Ideally, ORD support is provided at the framework level so that individual applications get it automatically. For example, the CAP ORD plugin adds ORD to any CAP-based application. When no framework plugin exists, the patterns below show how to implement ORD natively.

This guide is accompanied by the ORD Reference Application, a working Fastify/TypeScript implementation of the patterns described here.
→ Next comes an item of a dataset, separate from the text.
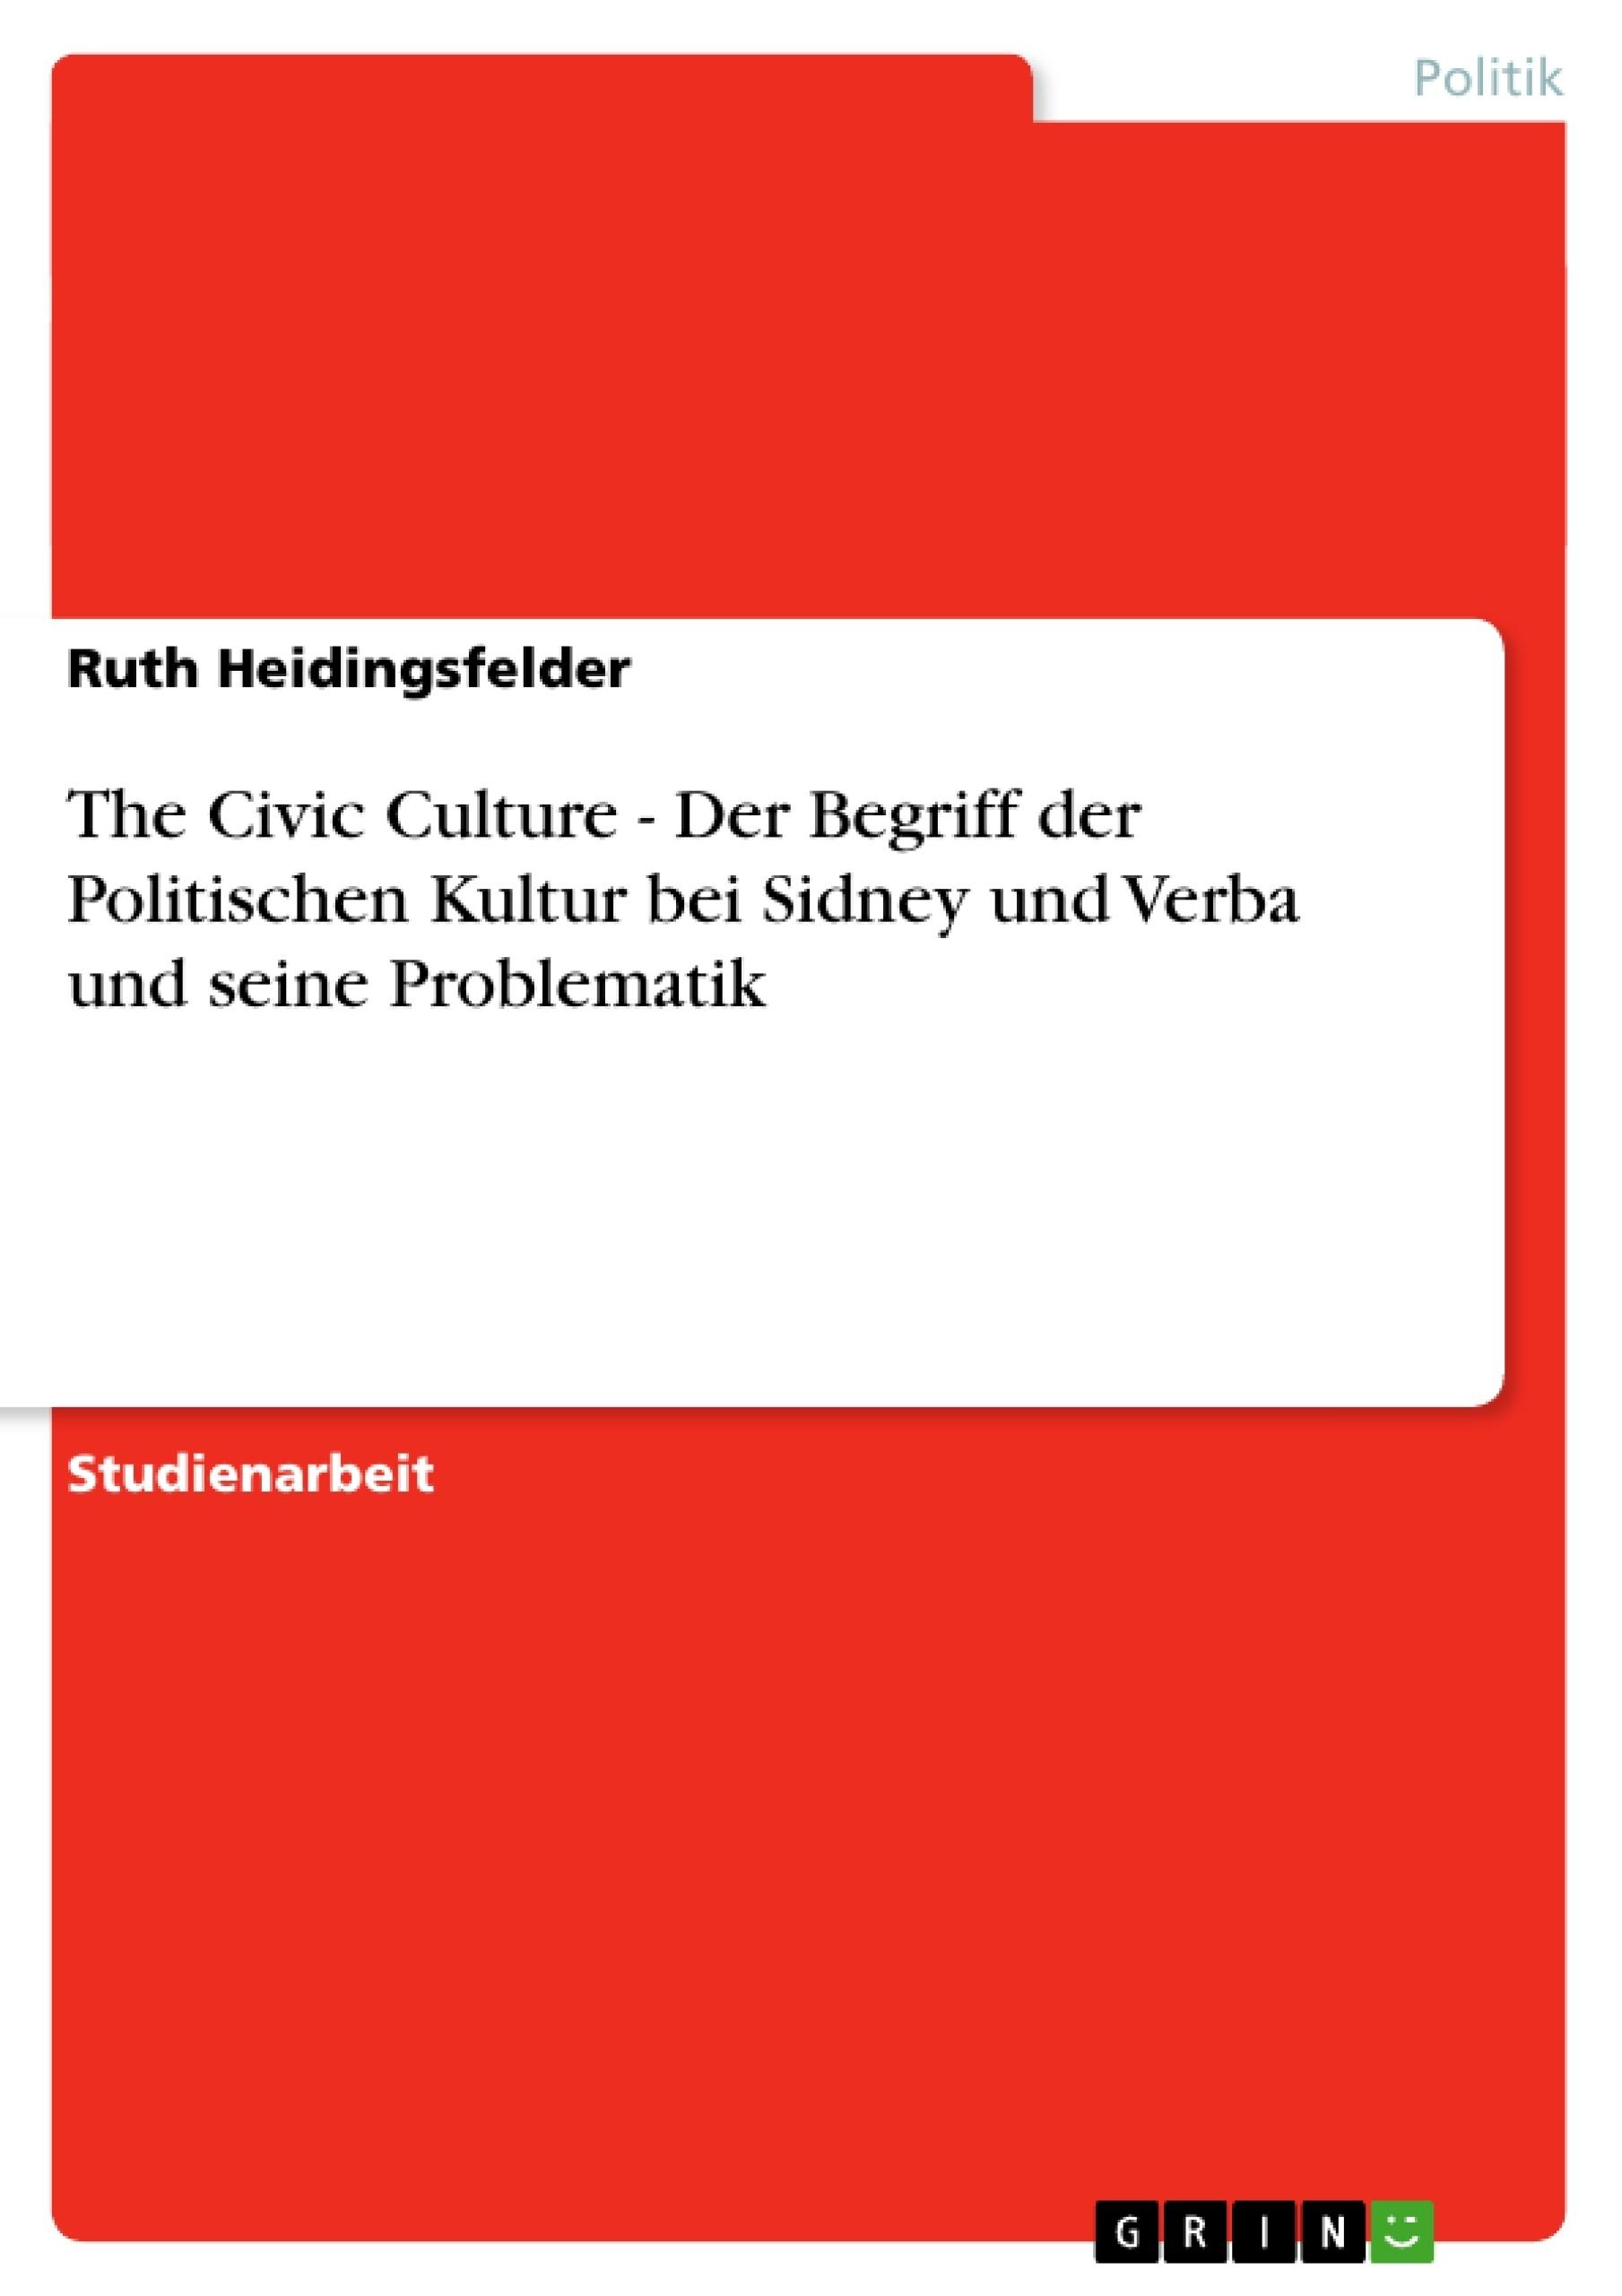 Titel: The Civic Culture - Der Begriff der Politischen Kultur bei Sidney und Verba und seine Problematik
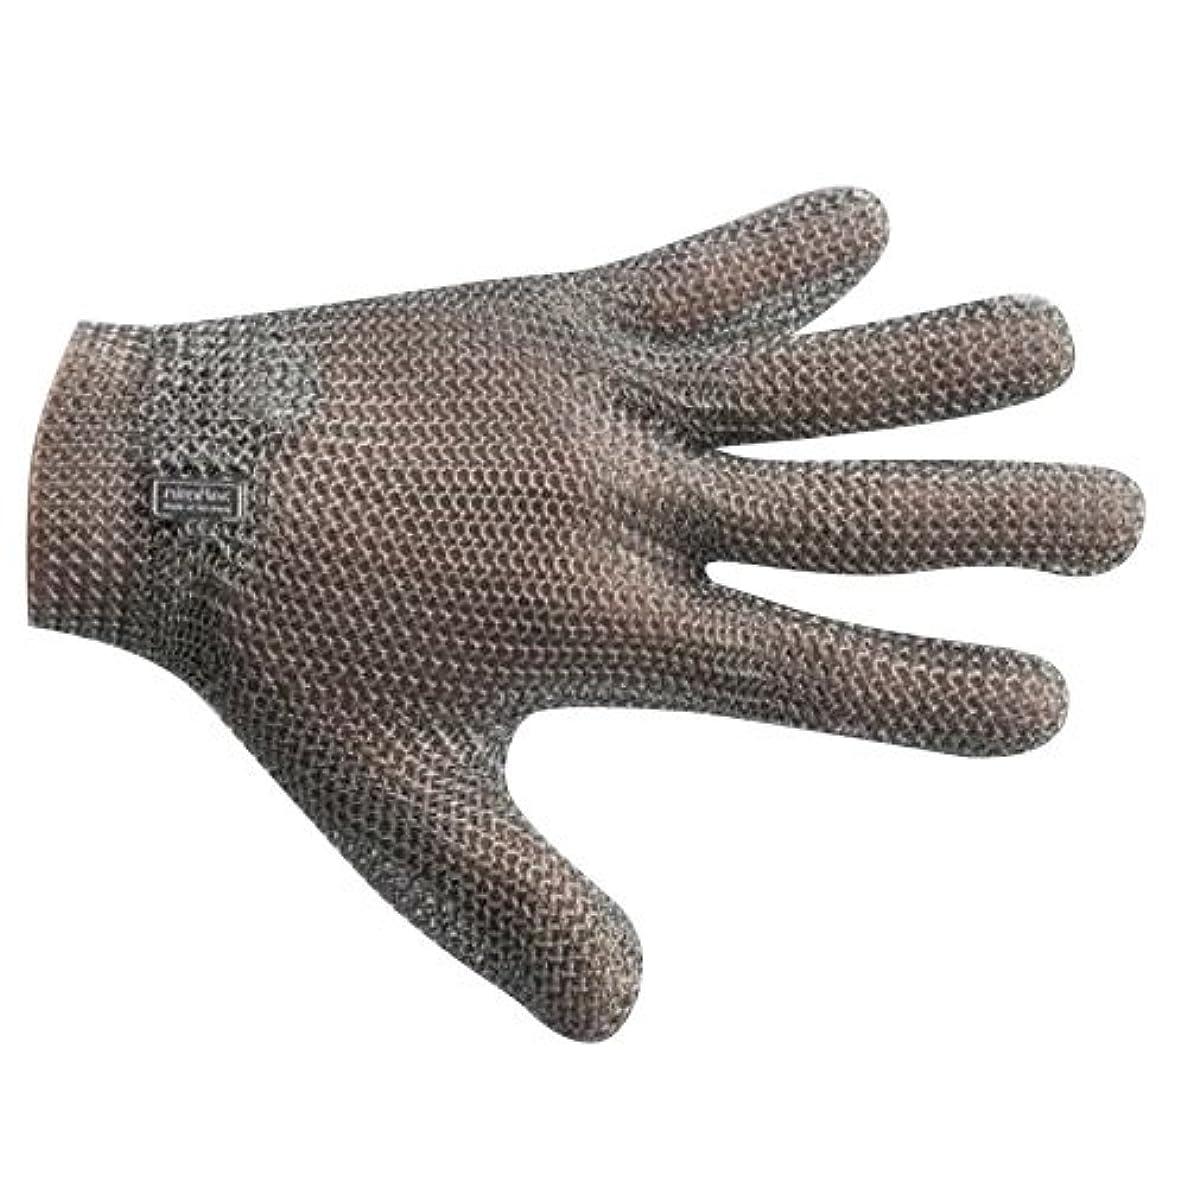 コメントまでポゴスティックジャンプ宇都宮製作 GU-2500 ステンレスメッシュ手袋 5本指(左右兼用) L

The main implementation task is to transform the metadata your application already knows into:

• an ORD configuration, served from /.well-known/open-resource-discovery
• one or more ORD documents, served via GET endpoints
• the resource definitions referenced by those ORD documents, for example OpenAPI or AsyncAPI files

Start Simple: Static ORD

The simplest provider is only a small HTTP API that serves static JSON. If you only need to publish static metadata documents, the ORD Provider Server could be used instead of implementing a provider API inside your application. To understand how this is implemented, the no-auth implementation example demonstrates:

1. GET /.well-known/open-resource-discovery returns an ORD configuration.
2. The configuration lists one ORD document URL.
3. GET /ord/documents/1.json returns the ORD document.
4. Resource definitions referenced by the document, for example an OpenAPI file, are served from stable URLs.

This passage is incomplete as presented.